Under the terms of the MOU, the parties plan to conduct feasibility studies on locating NET Power’s facilities in proximity to CTV’s underground storage vaults, which the companies say could reduce carbon dioxide (CO2) transportation costs and midstream investments for CTV’s operations. The parties plan to facilitate the initial deployment of up to 1 gigawatt (GW) of power capacity from NET Power’s new modular plants in Northern California, which could result in up to 3.6 million metric tons per annum (MMTPA) of CO2 emissions for permanent sequestration in CTV’s nearby reservoirs.
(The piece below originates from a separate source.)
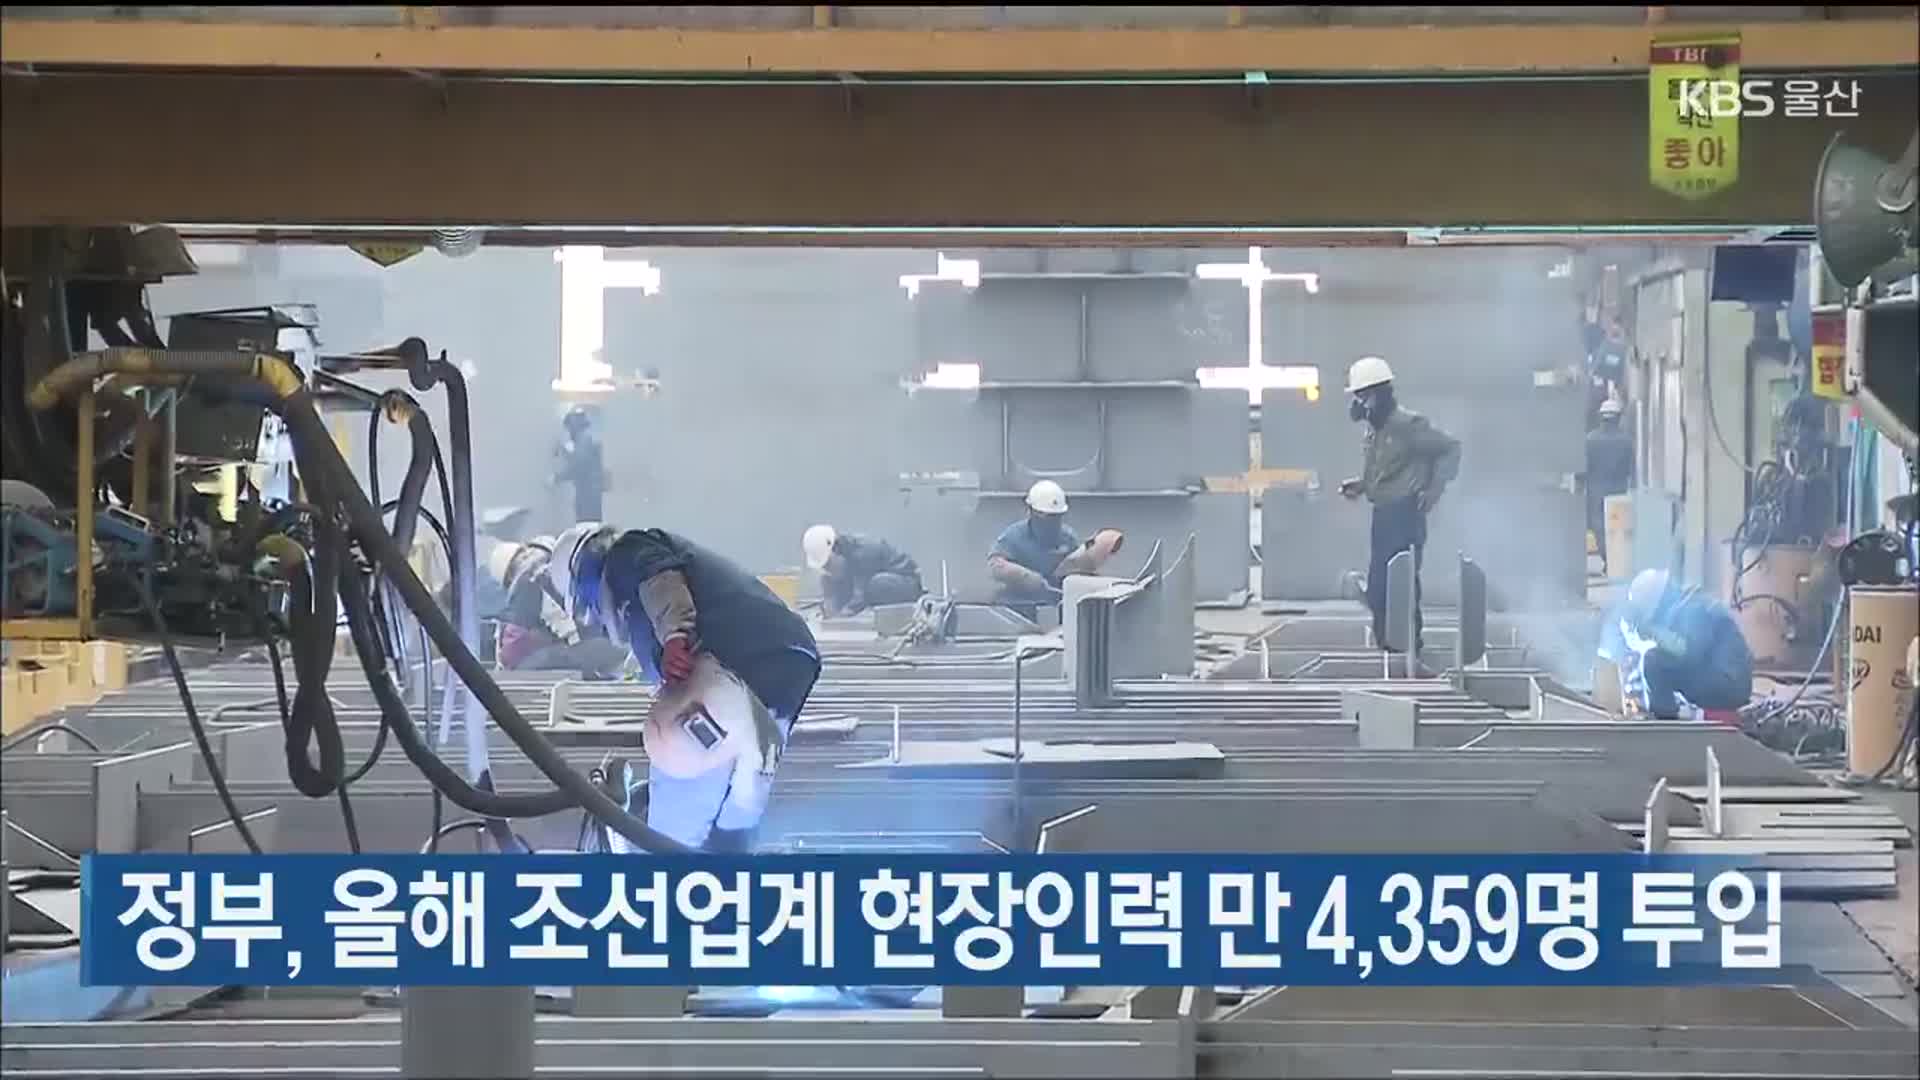 정부, 올해 조선업계 현장인력 만 4,359명 투입

Each of NET Power’s utility-scale modular plants is expected to require less than 20 acres, generate up to 250 MW, and be deployable in multi-plant configurations, the company said.
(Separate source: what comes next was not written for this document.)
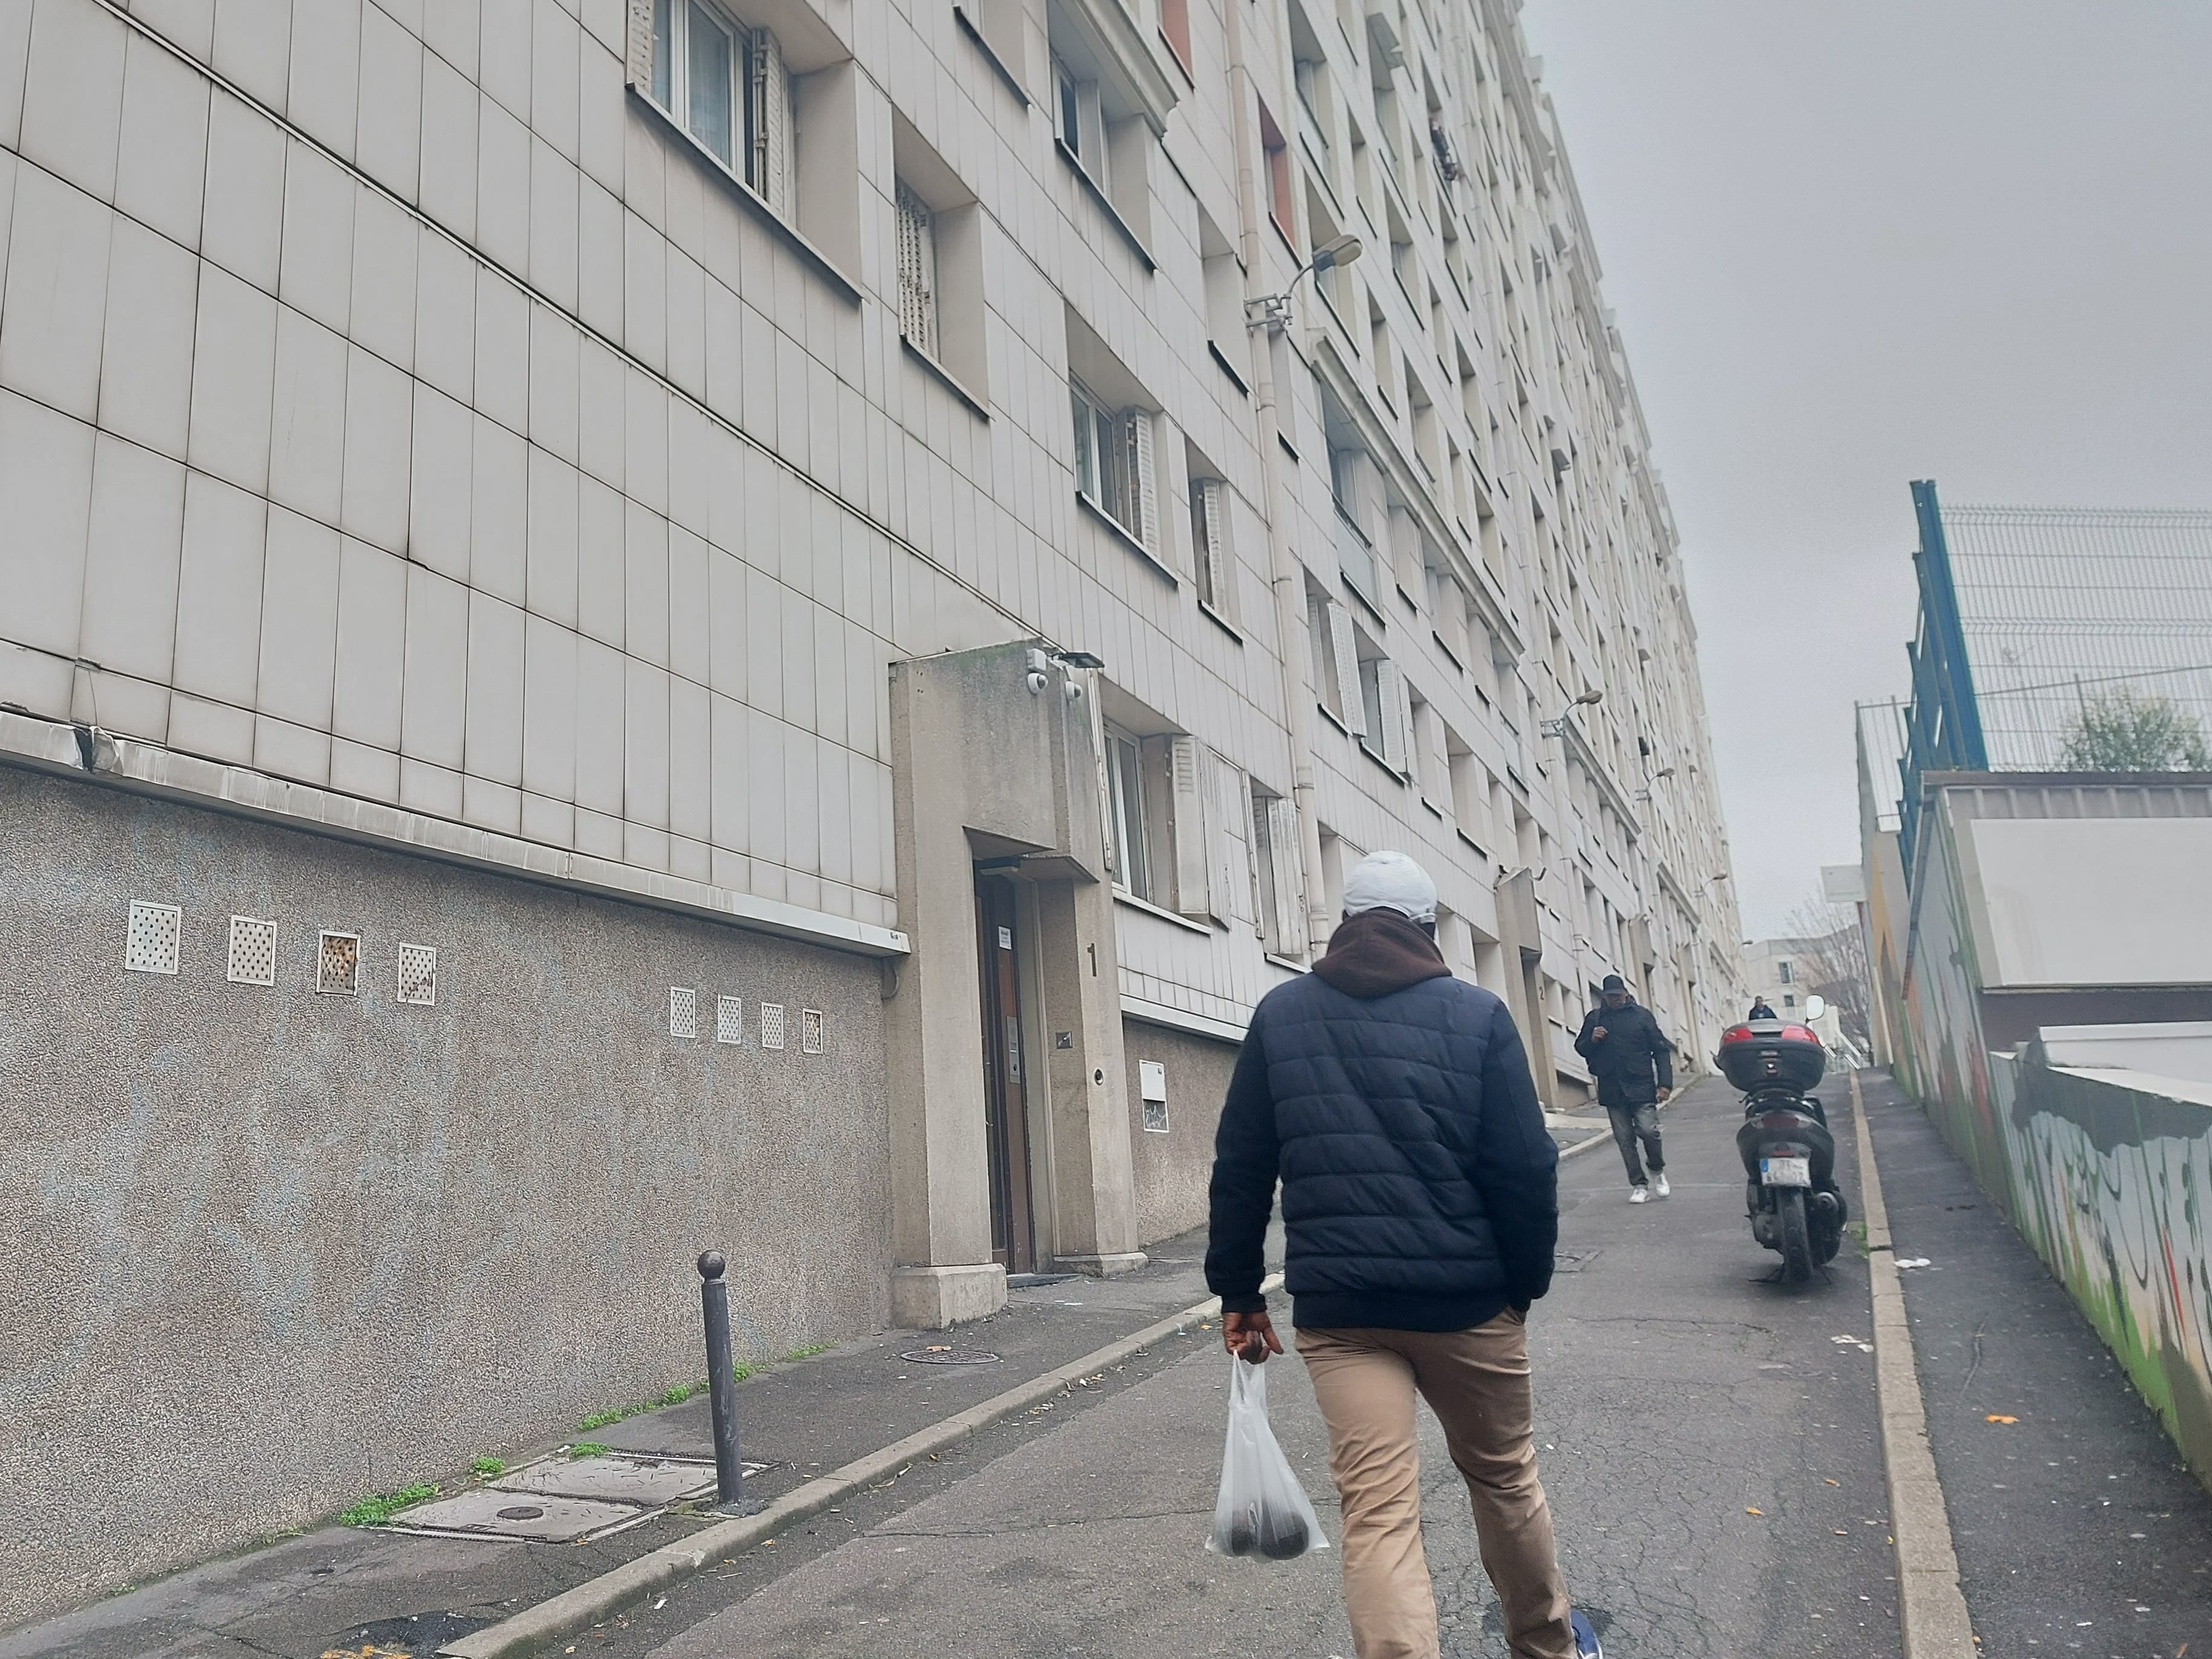 Paris (XVIIe), samedi. Au 190 bis de l'avenue de Clichy, les locataires s'estiment abandonnés par leur bailleur social. Ils attendent une action rapide de sa part. LP/Cécile Beaulieu

NET Power claims its plants will be designed to eliminate “substantially all” carbon emissions with near-zero air particulate and gaseous pollutants, including nitrogen oxides (NOx) and sulfur oxides (SOx).

This MOU marks NET Power’s initial entry into California’s power market and positions CTV as an early strategic partner in the deployment of NET Power’s power technology. Including this agreement, CTV’s carbon capture and sequestration (CCS) projects under consideration total approximately 7.8 MMTPA of CO2 emissions and if successful, would enable up to 2.1 GWs of new, low-carbon power capacity in California.

The NET Power capture system utilizes the Allam-Fetvedt Cycle, combusting natural gas with oxygen, as opposed to air, and uses supercritical carbon dioxide as a working fluid to drive a turbine instead of steam. This theoretically eliminates all air emissions, including traditional pollutants and CO2 and inherently produces pipeline-quality CO2 that can be sequestered underground.

In 2021, NET Power claimed a global first when its test facility in Texas generating zero-emission electricity from natural gas delivered electricity onto a power grid. In November 2022 the company announced a plan to develop and build its first utility-scale natural gas-fired plant with carbon capture and sequestration (CCS). NET Power has a “backlog of utility-scale power plant projects,” with initial commercialization expected in 2026.

In June last year, NET Power announced the completion of its previously announced business combination with special purpose acquisition company Rice Acquisition Corp. II.